The mechanical properties have been investigated for large amounts of HEFs and the results revealed an improvement in the materials' performances. Indeed, good hardness and wear resistance make the HEFs as well as their nitrides promising candidates for cutting tools for example. HEFs prepared by the magnetron sputtering technique showed that the mechanical properties are influenced by various deposition parameters. For example, Yu and co-workers [31] studied CrNbSiTiZr by changing the substrate bias voltage. The results showed that the hardness increased at a maximum of 12.4 ± 0.3 GPa with −50 V bias followed by a decrease to 9.8 ± 0.2 GPa when the bias is −200 V. Young’s modulus shows the same trend by increasing at 187.7 ± 3.3 GPa for −100 V and a decreasing to 162.3 ± 3.7 GPa for −200 V. The working pressure is also another parameter influencing the mechanical properties of HFEs. Kim and co-workers [32] reported high mechanical properties of AlCoCrNi films obtained with a pressure of 1.33 × 10−1 Pa. Indeed, at low pressure (1.33 Pa), the hardness is measured at 8.9 ± 0.9 GPa and the modulus at 142 ± 11 GPa. However, when the pressure reaches 1.33 × 10−1 Pa, the hardness increase to 16.8 ± 0.5 GPa and the modulus to 243 ± 39 GPa.

The nitrides show an increasing of mechanical properties as the nitrogen flow rate increases followed by a decrease as the flow continues to increase. This trend is seen for various high entropy nitrides [29, 41, 42, 43, 44]. An example is presented in Figure 7a. (AlCrMoTaTiZr)N HEFs, obtained with 40% nitrogen flow ratio, is the hardest film compared to others with a hardness of 40 GPa with Young’s modulus higher than 370 GPa. Residual stresses have been also studied and their evolution is depending on the nitrogen content. Zhang and co-workers [29] investigated the residual stress of (CrNbTiAlV)N HEFs at different nitrogen flows. The result is presented in Figure 7b. The metallic film has the lowest value of −2.35 GPa while a maximum (−6.55 GPa) is obtained for the nitride at 38 sccm.

Figure 7.

Hardness (a) and Residual stress (b) of (CrNbTiAlV)Nx films deposited under different nitrogen flows. Figure reproduced with permission from [29].

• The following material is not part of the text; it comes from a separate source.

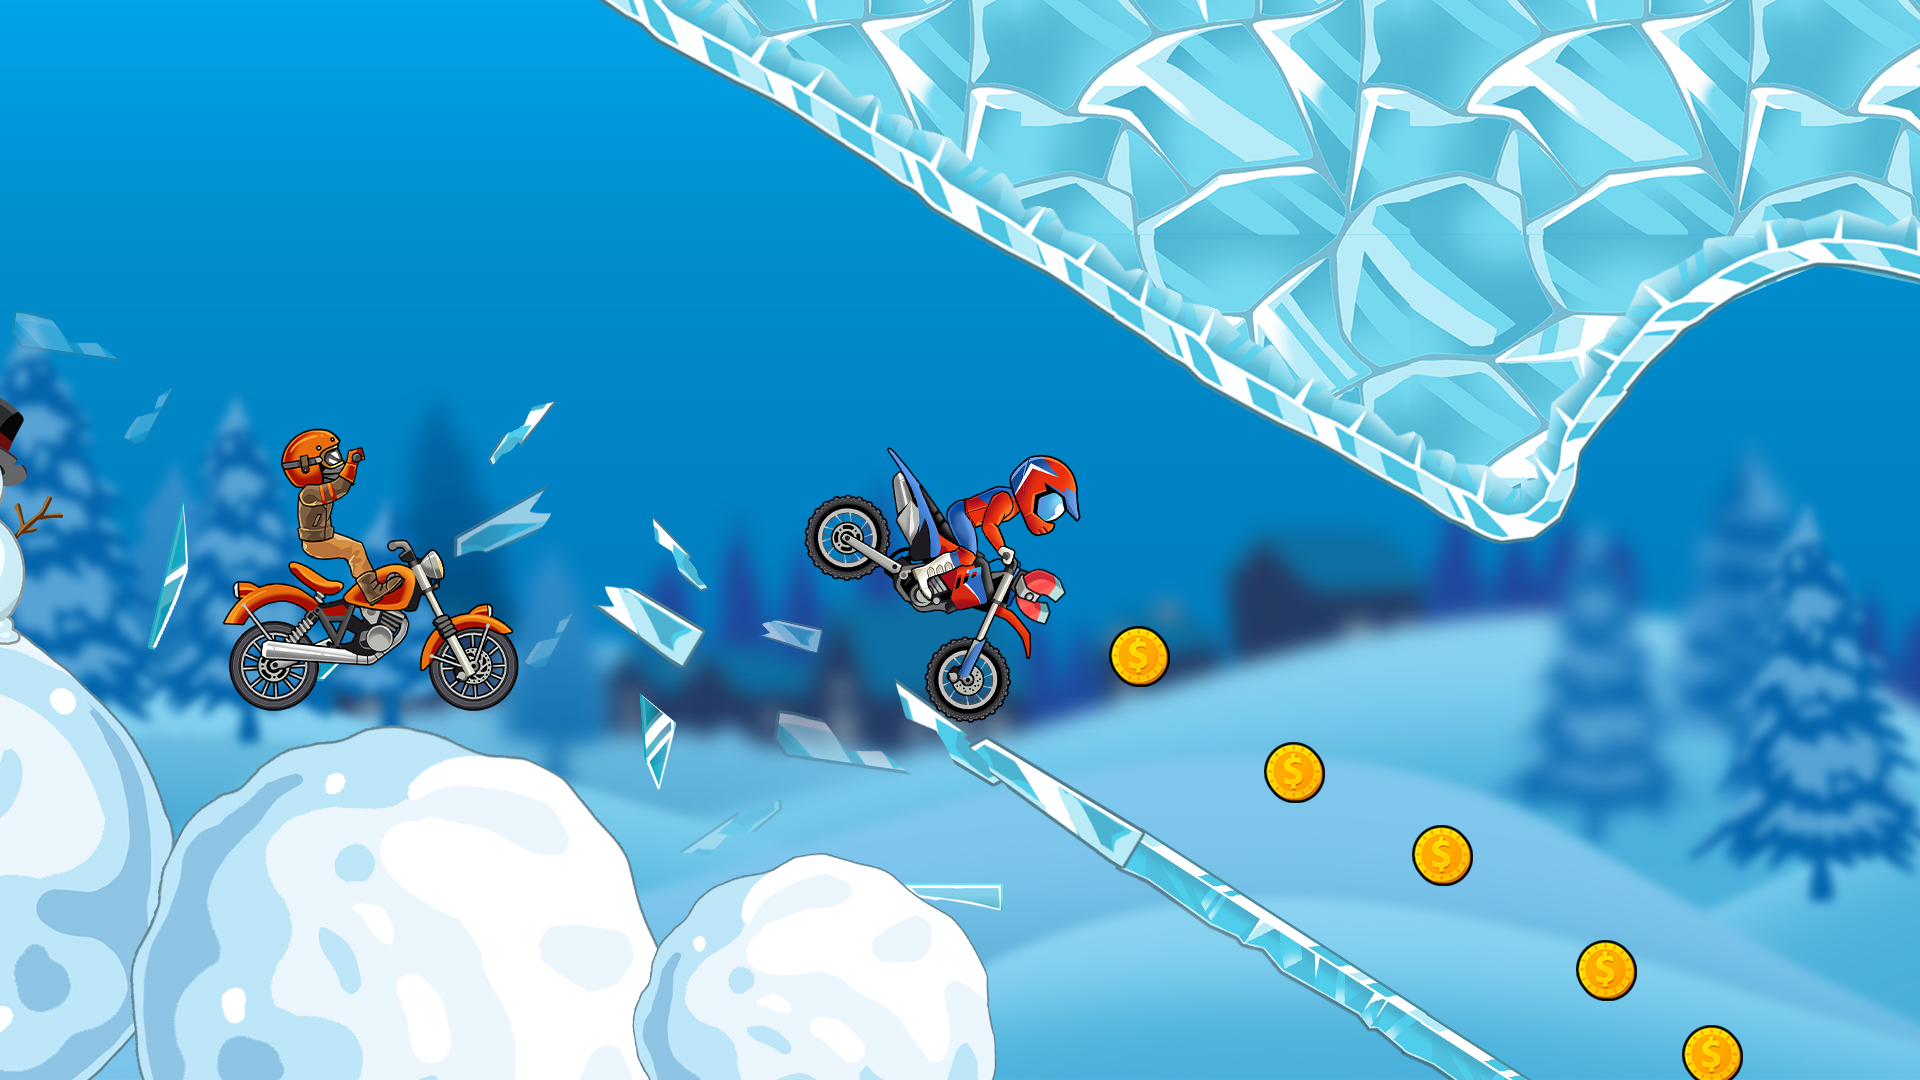 Turbo Bike: Extreme Racing - Android game screenshots.

In the case of oxides, as the oxygen flow rate increases the microstructure became dense and consequently the mechanical properties are improved. At a high flow rate, these properties degrade. The hardness of AlCoCrCu0.5FeNi reaches the maximum (11.3 ± 0.9 GPa) at 25% of O2 and decreases as the flow continues to increase.

Other results show that this trend is not always true. Khan and co-workers [45] reported no change in the mechanical properties by studying AlCoCrCu0.5FeNi films. These laters are prepared as a function of the working pressure. Their hardness was measured at 13 GPa while Young's modulus was evaluated at 204 GPa and no change was revealed as the pressure increased.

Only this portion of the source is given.